2024年5月31日(金) 09:00 〜 10:30 106 (幕張メッセ国際会議場)

コンビーナ:王 功輝(京都大学防災研究所)、千木良 雅弘(公益財団法人 深田地質研究所)、今泉 文寿(静岡大学農学部)、齋藤 仁(名古屋大学 大学院環境学研究科)、座長:今泉 文寿(静岡大学農学部)、Kongming Yan(Kyoto University)

09:15 〜 09:30

[HDS08-02] Monitoring landslide frequency and vegetation recovery using satellite time series data

*Mohammad Adil Aman1Hone-Jay Chu1、Sumriti Ranjan Patra1 (1.National Cheng Kung University)
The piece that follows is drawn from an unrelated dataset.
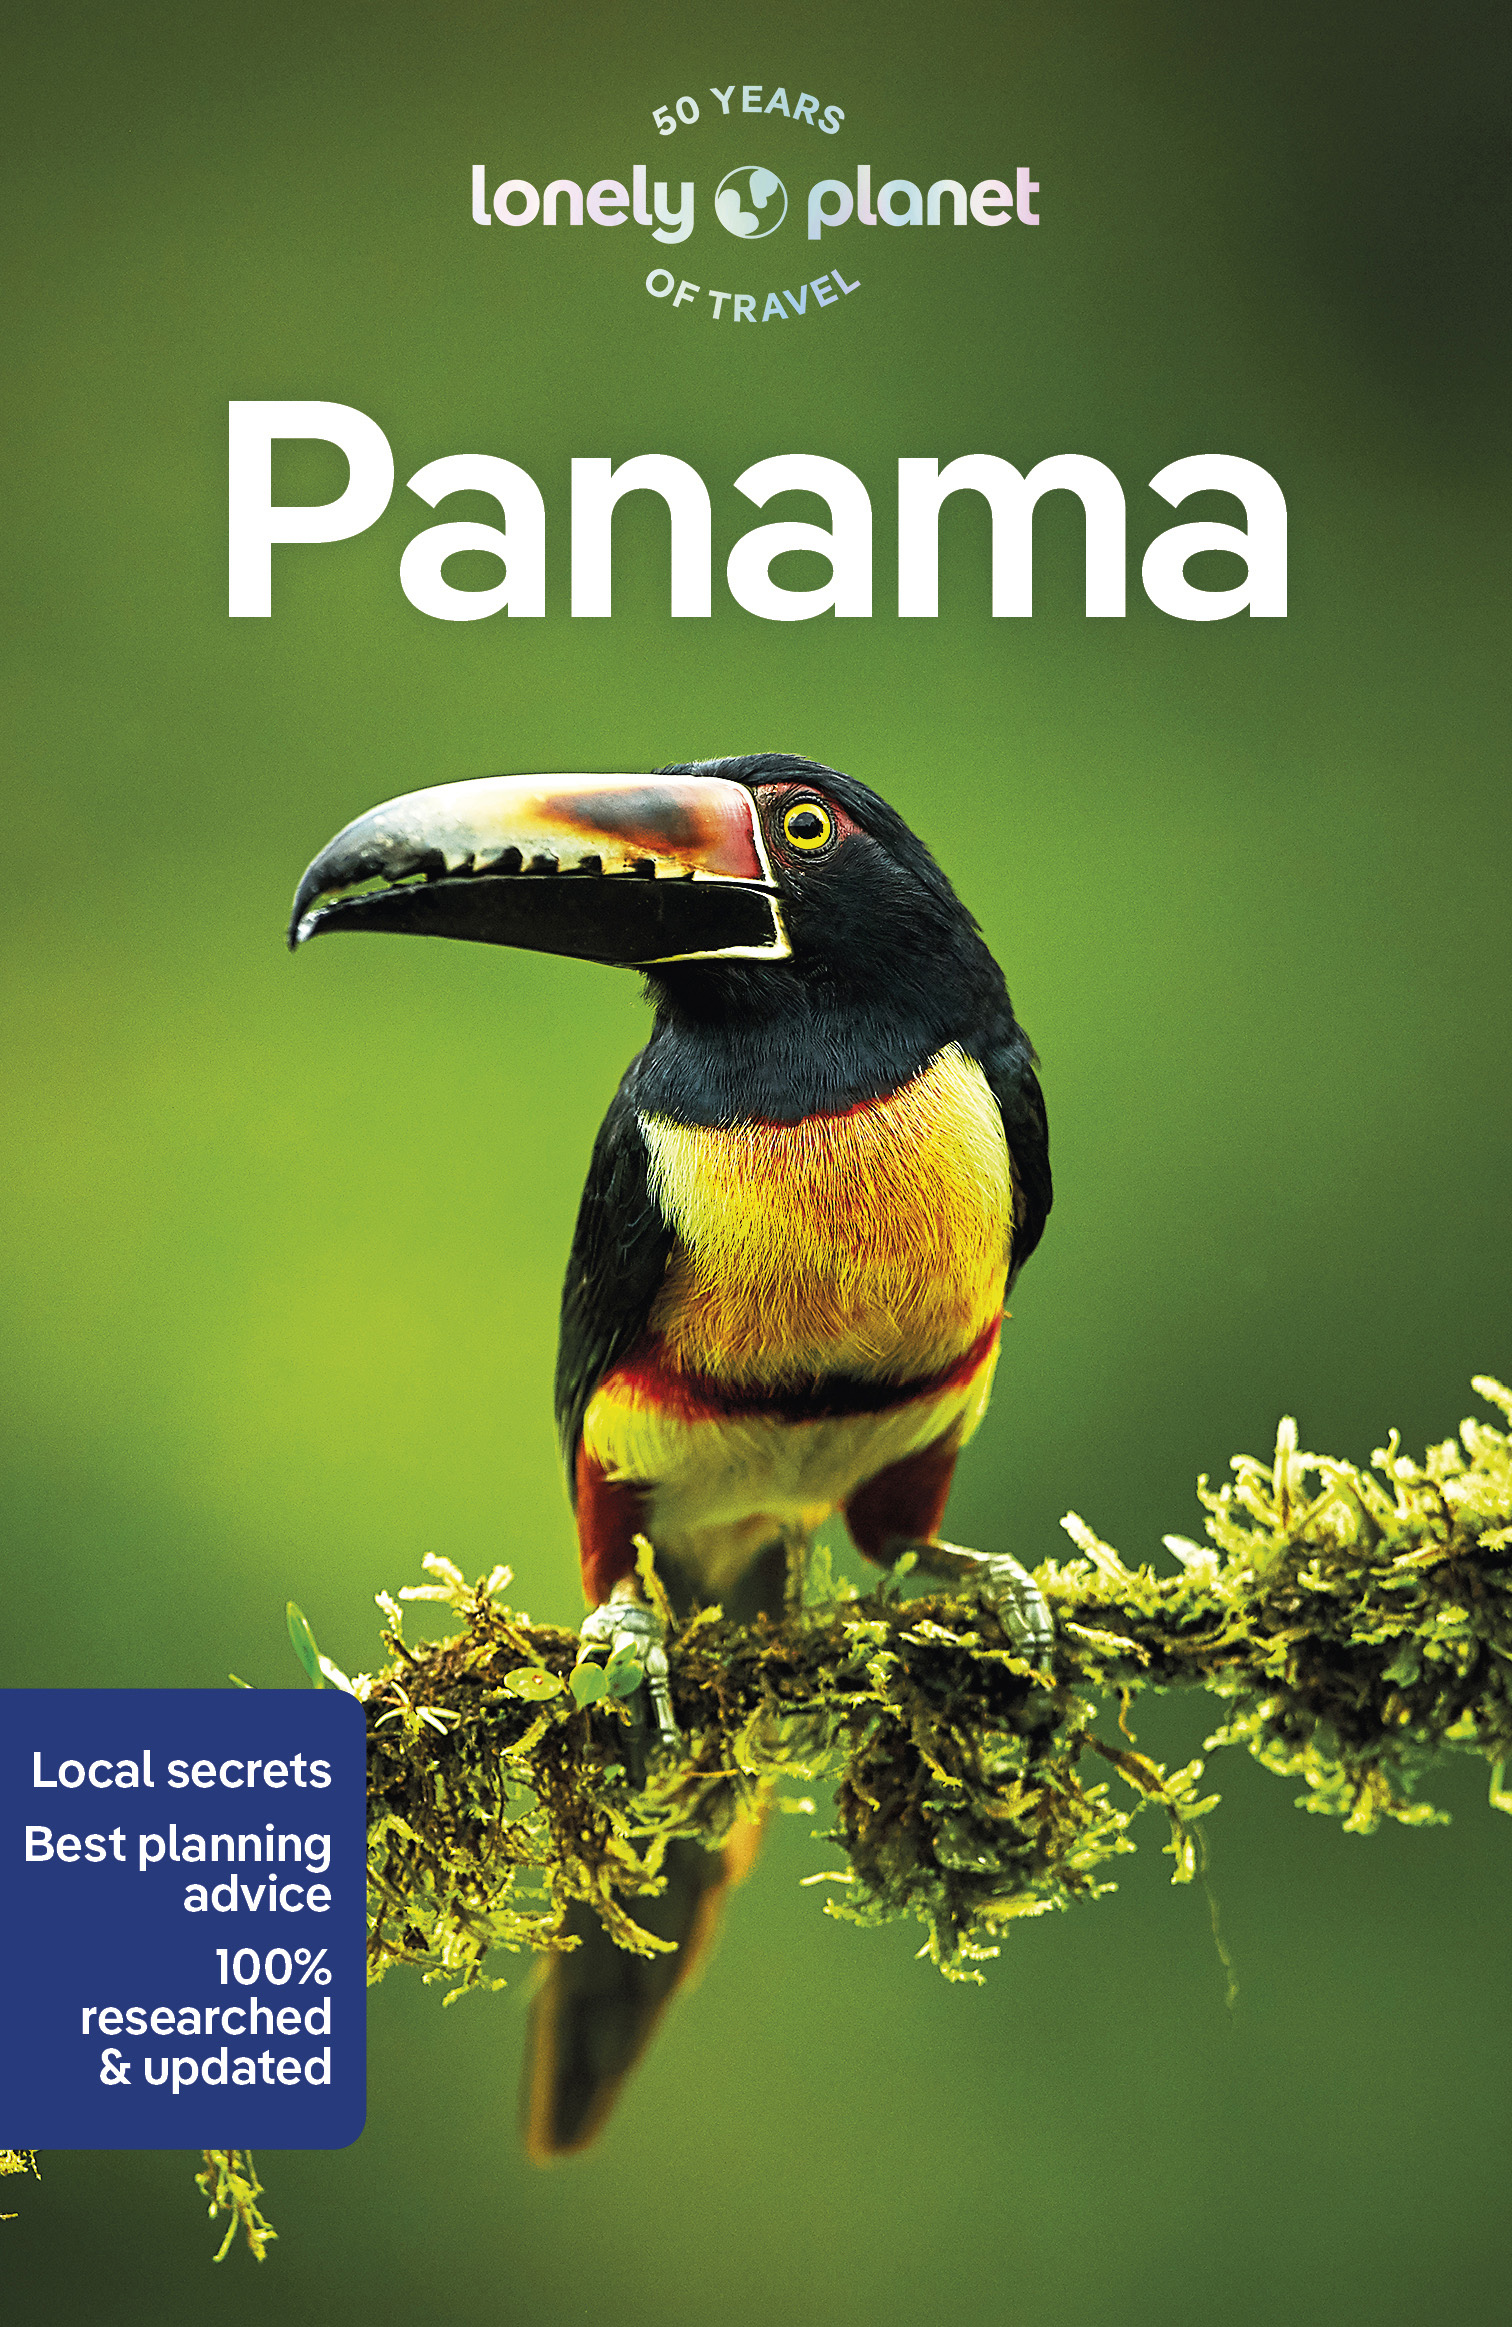 Panama - turistický průvodce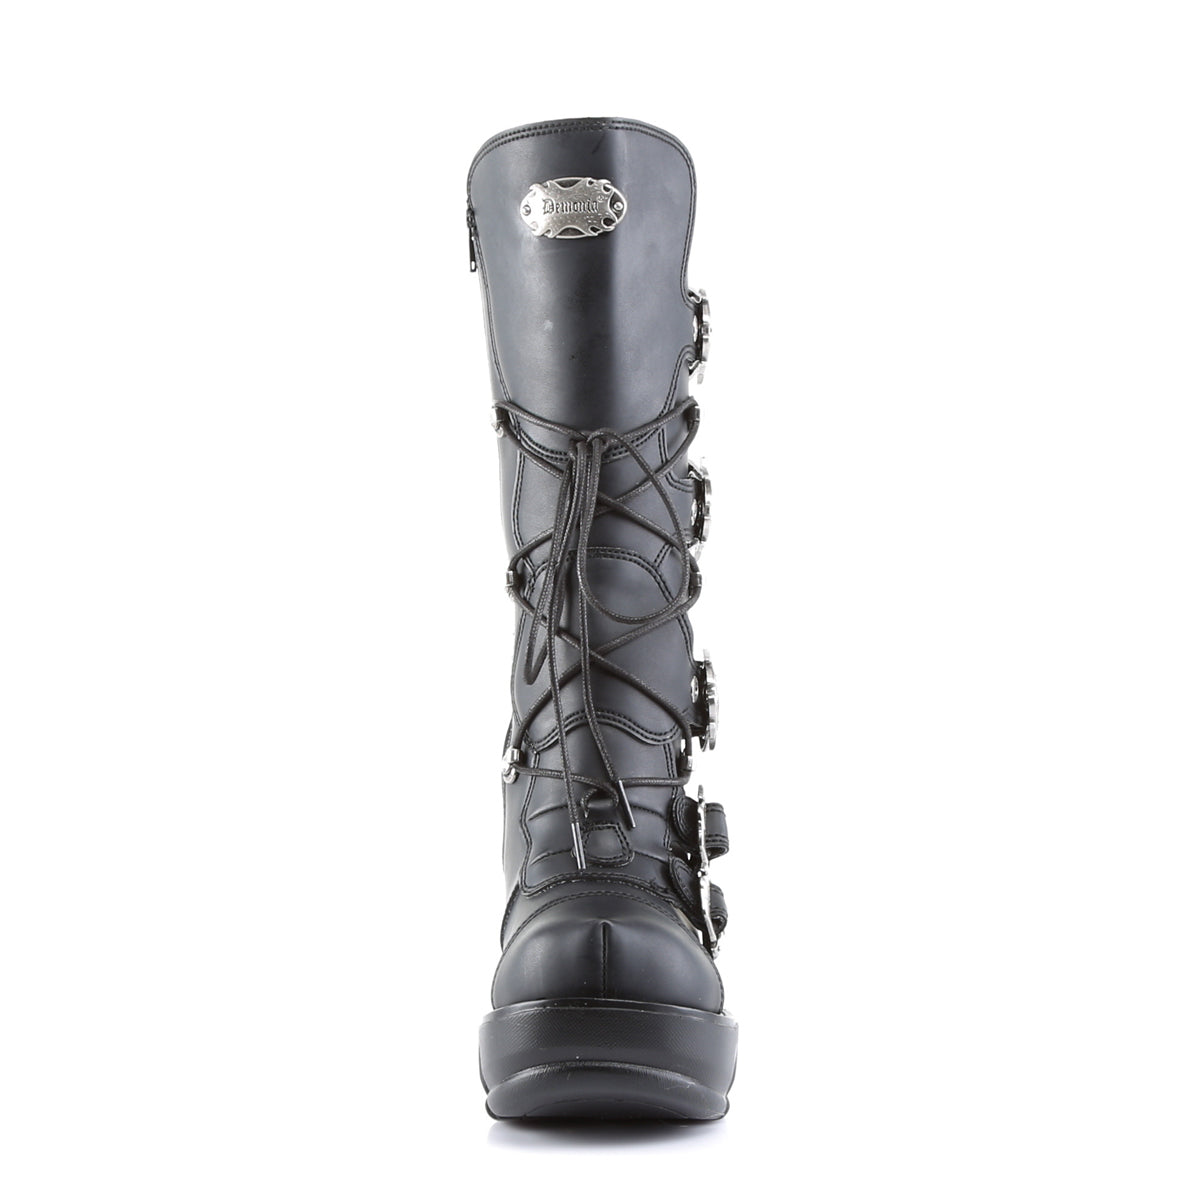 SINISTER-203 Black Vegan Leather Calf Boot Demonia

キーワード:Landslide frequency, vegetation recovery, Google Earth Engine (GEE), NDVI time series, Taiwan

The prevalence of widespread landslides in subtropical countries, such as Taiwan, resulting from earthquakes, typhoons, and heavy rainfall poses significant risks to both human lives and the country's economy. Analyzing such natural disasters is critical for estimating the risks they pose because future incidents are likely to occur under conditions similar to previous ones. Hence analyzing time patterns and regional occurrence of triggering events will aid in the comprehensive study of landslides. Remote sensing technique provides geographic coverage and frequent acquisitions even in dangerous and unreachable regions and aid in understanding landslide factors. This study uses normalized difference vegetation index (NDVI) time series data from Landsat 5 and Landsat 8 in the Google Earth Engine (GEE) environment to present an automated technique for long-term landslide identification in Taiwan to get over geographical and temporal limitations and thoroughly evaluate the incidence of landslides. Five major landslide-prone zones of Taiwan are examined in this study to understand the landslide occurrence frequency and vegetation recovery duration. The landslide frequency (LSF) exhibits a diverse distribution, ranging from 1 to 6, signifying varied occurrences of landslides in Taiwan. Across Taiwan, distinct temporal patterns unfold, with certain regions marked by recurring landslides impeding vegetation regrowth, while others showcase swift recovery. This study contributes to an enhanced comprehension of landslide dynamics through the application of automated detection and analysis methods on a comprehensive regional scale.